Problem statement = Transcribe only what runs from the line containing "Brine shrimp artemia" through the end of the listing, line for line and exactly, and omit the pictures.

Collected material =
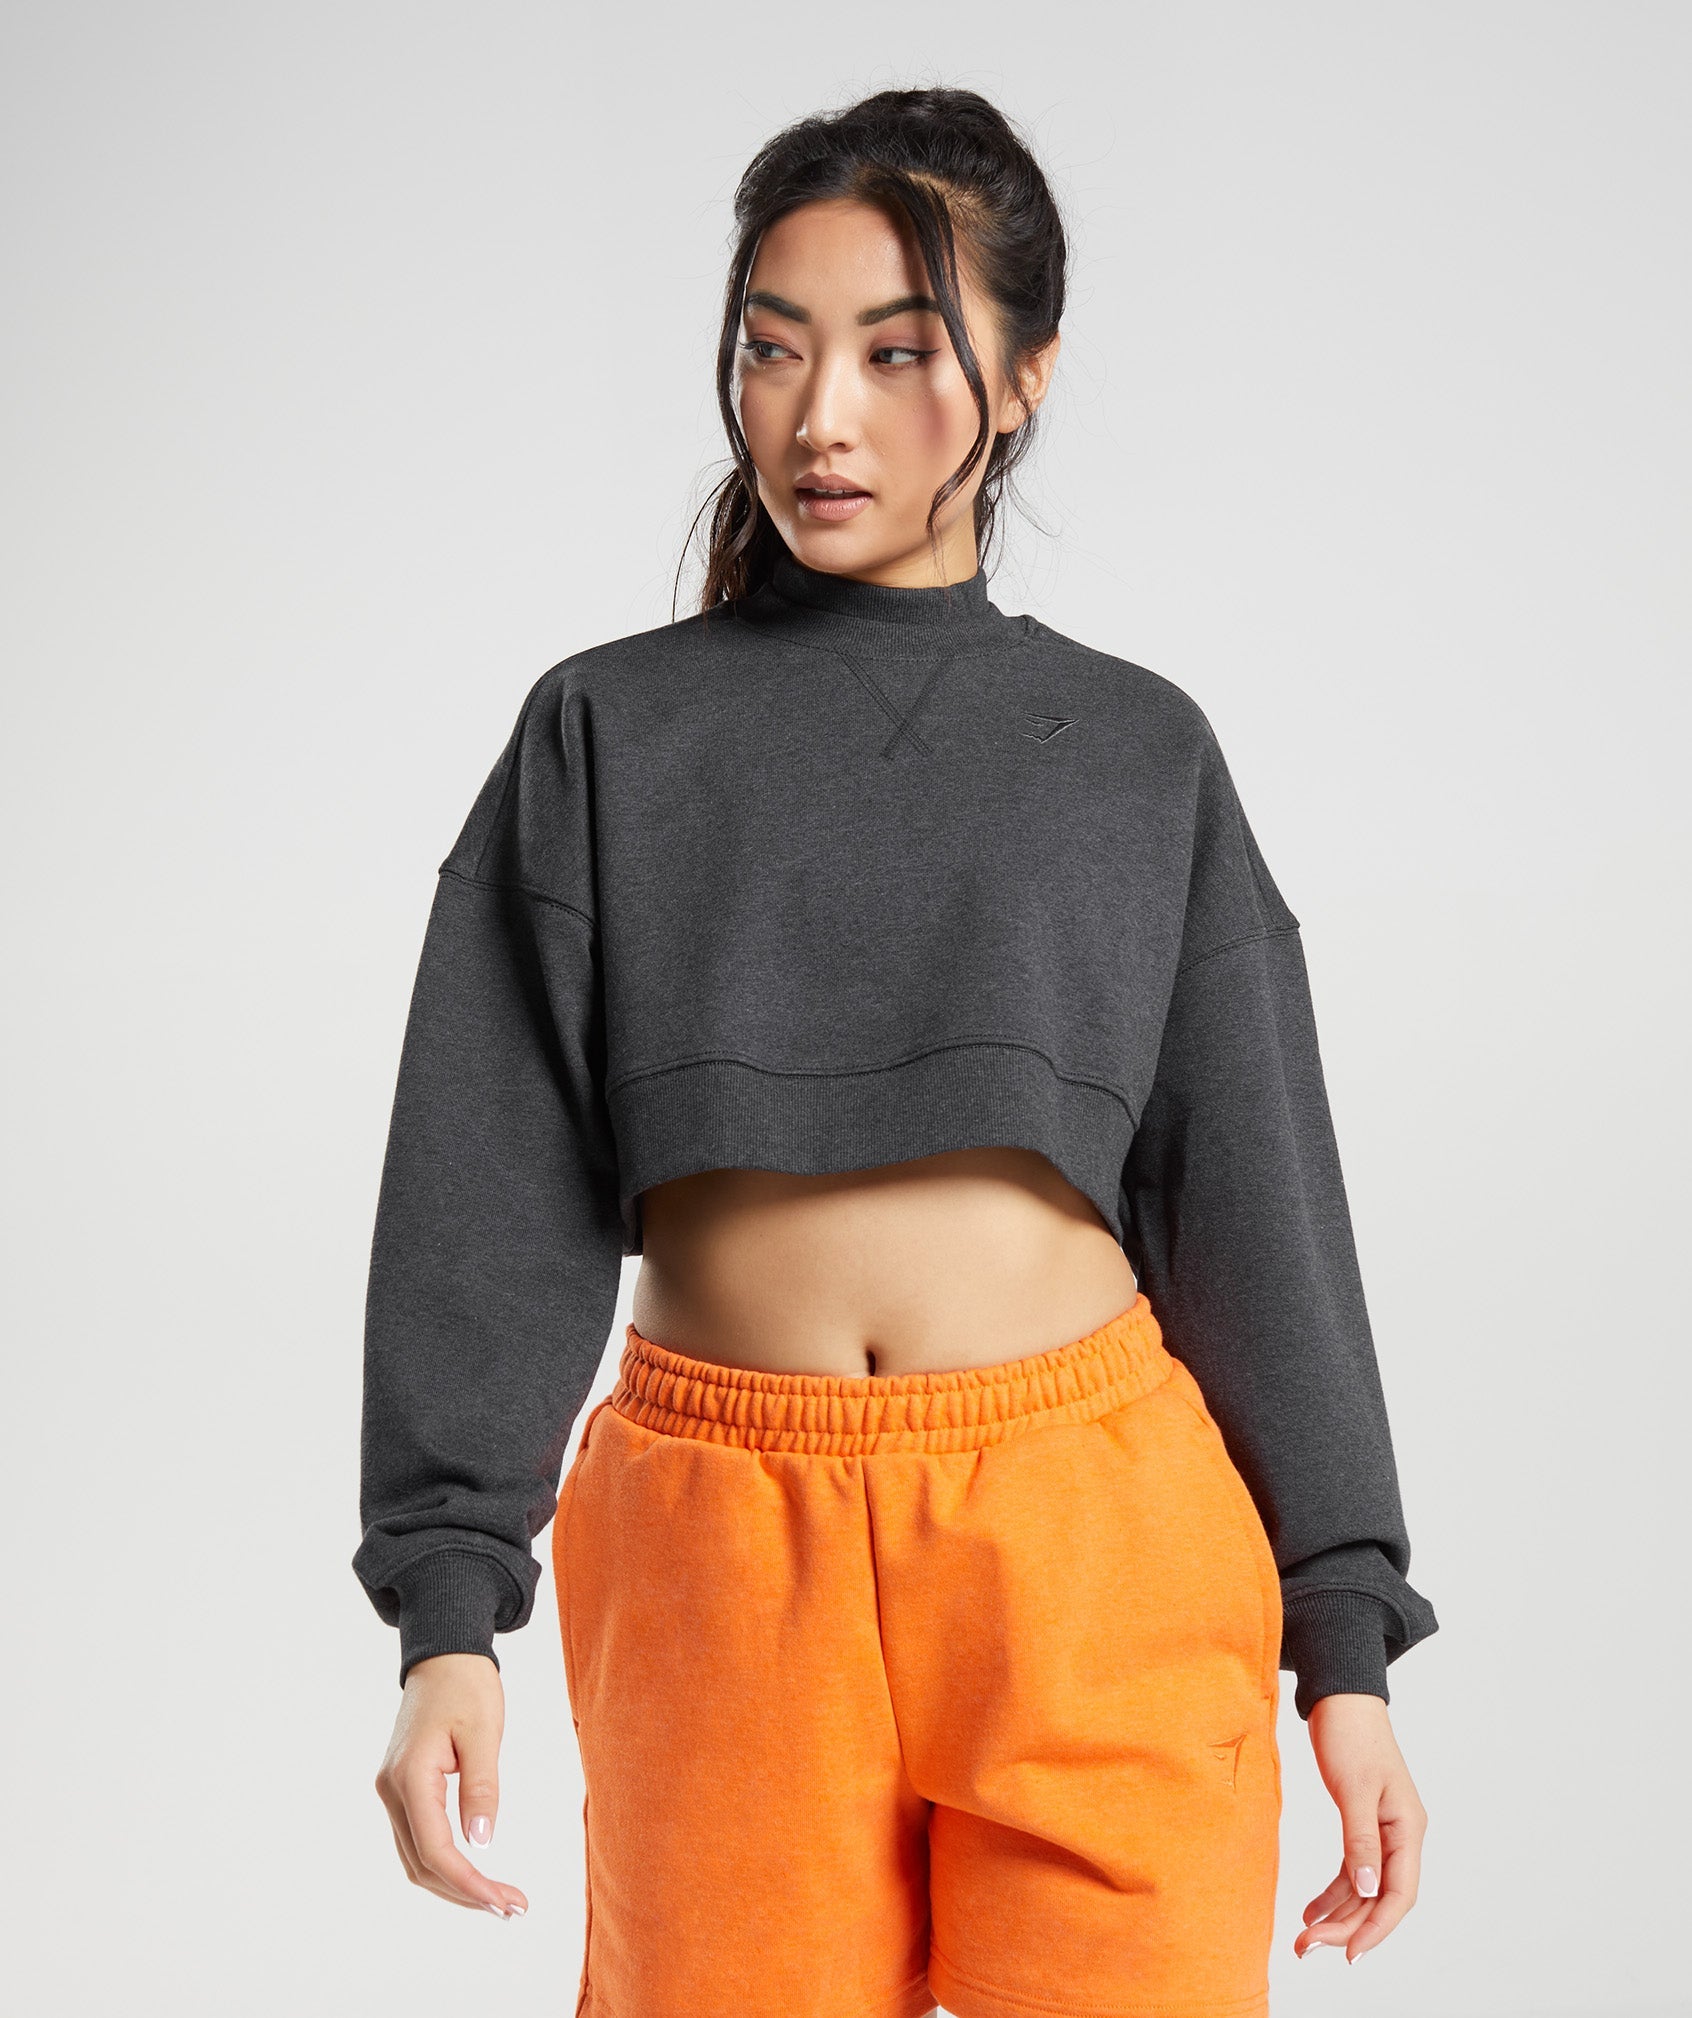 Women's Cropped Sweatshirts - Gymshark
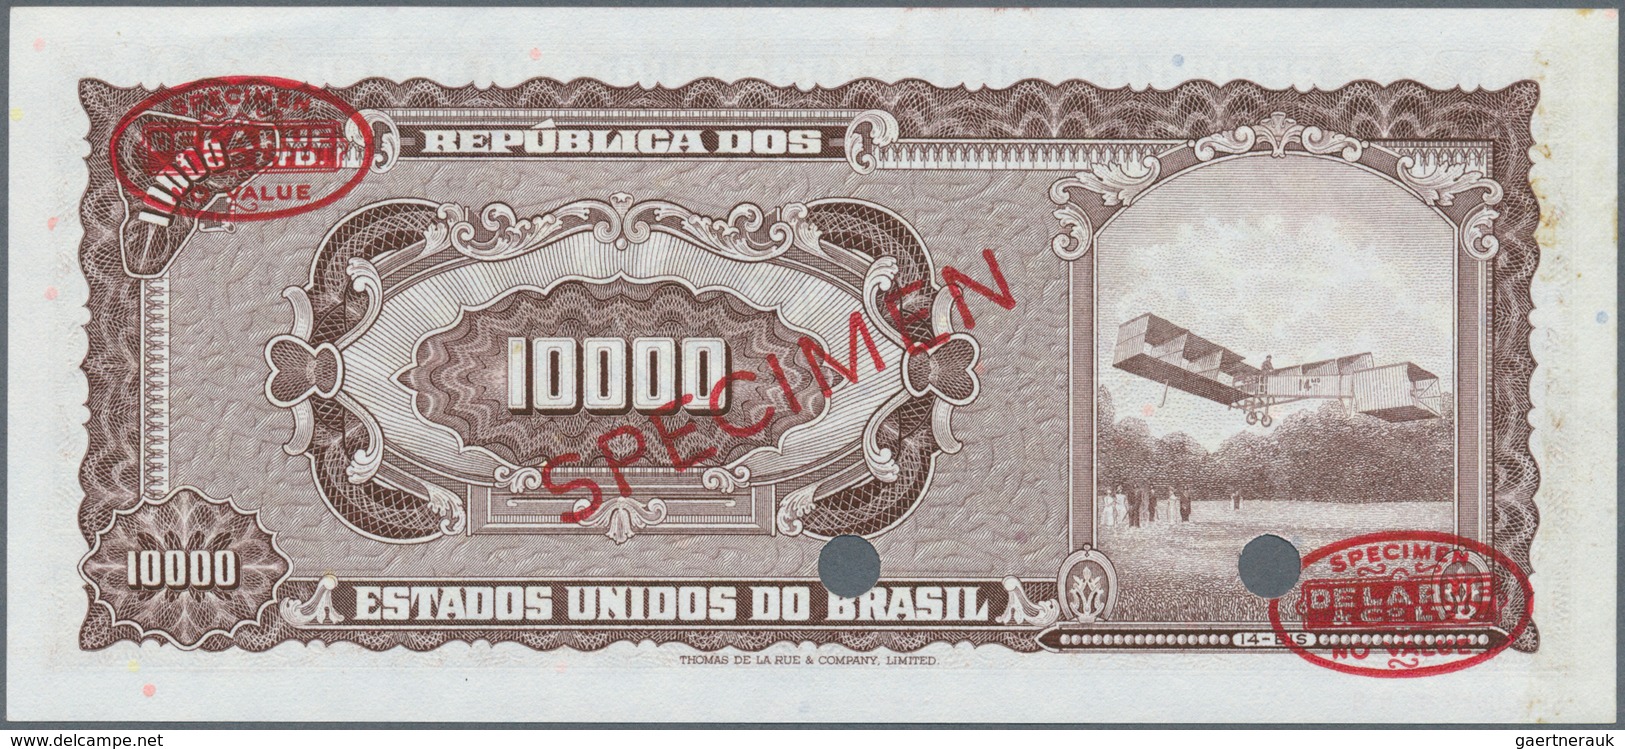 Brazil / Brasilien:  Banco Central Do Brasil 10 Cruzeiros Novos On 10.000 Cruzeiros ND(1967) Specime - Brasil
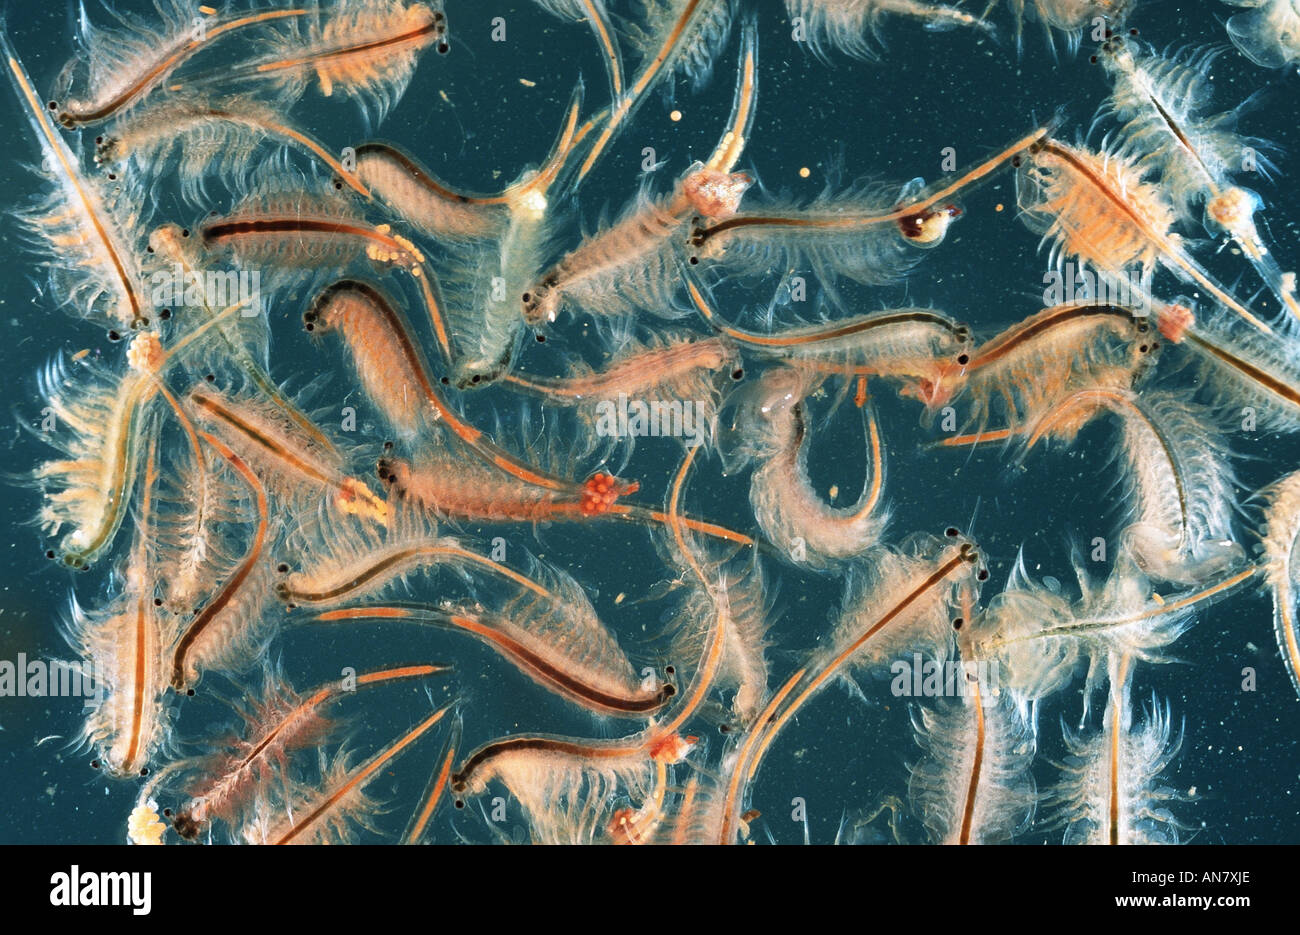 Brine shrimp artemia salina hi-res stock photography and images
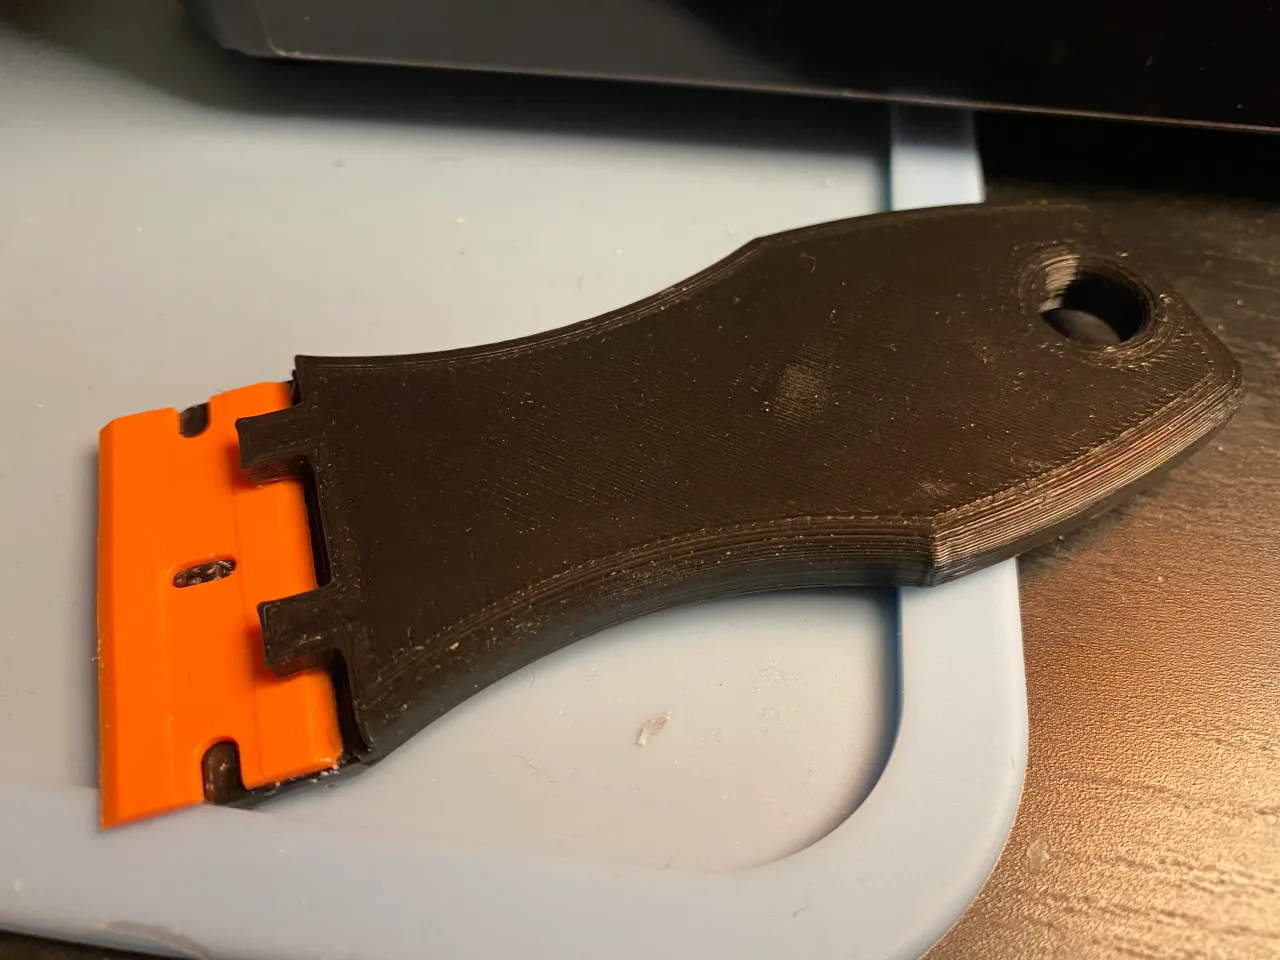 Plastic razor blade scrapers are amazing : r/3Dprinting

Solved problem =
 Brine shrimp artemia salina hi-res stock photography and images
 Plastic razor blade scrapers are amazing : r/3Dprinting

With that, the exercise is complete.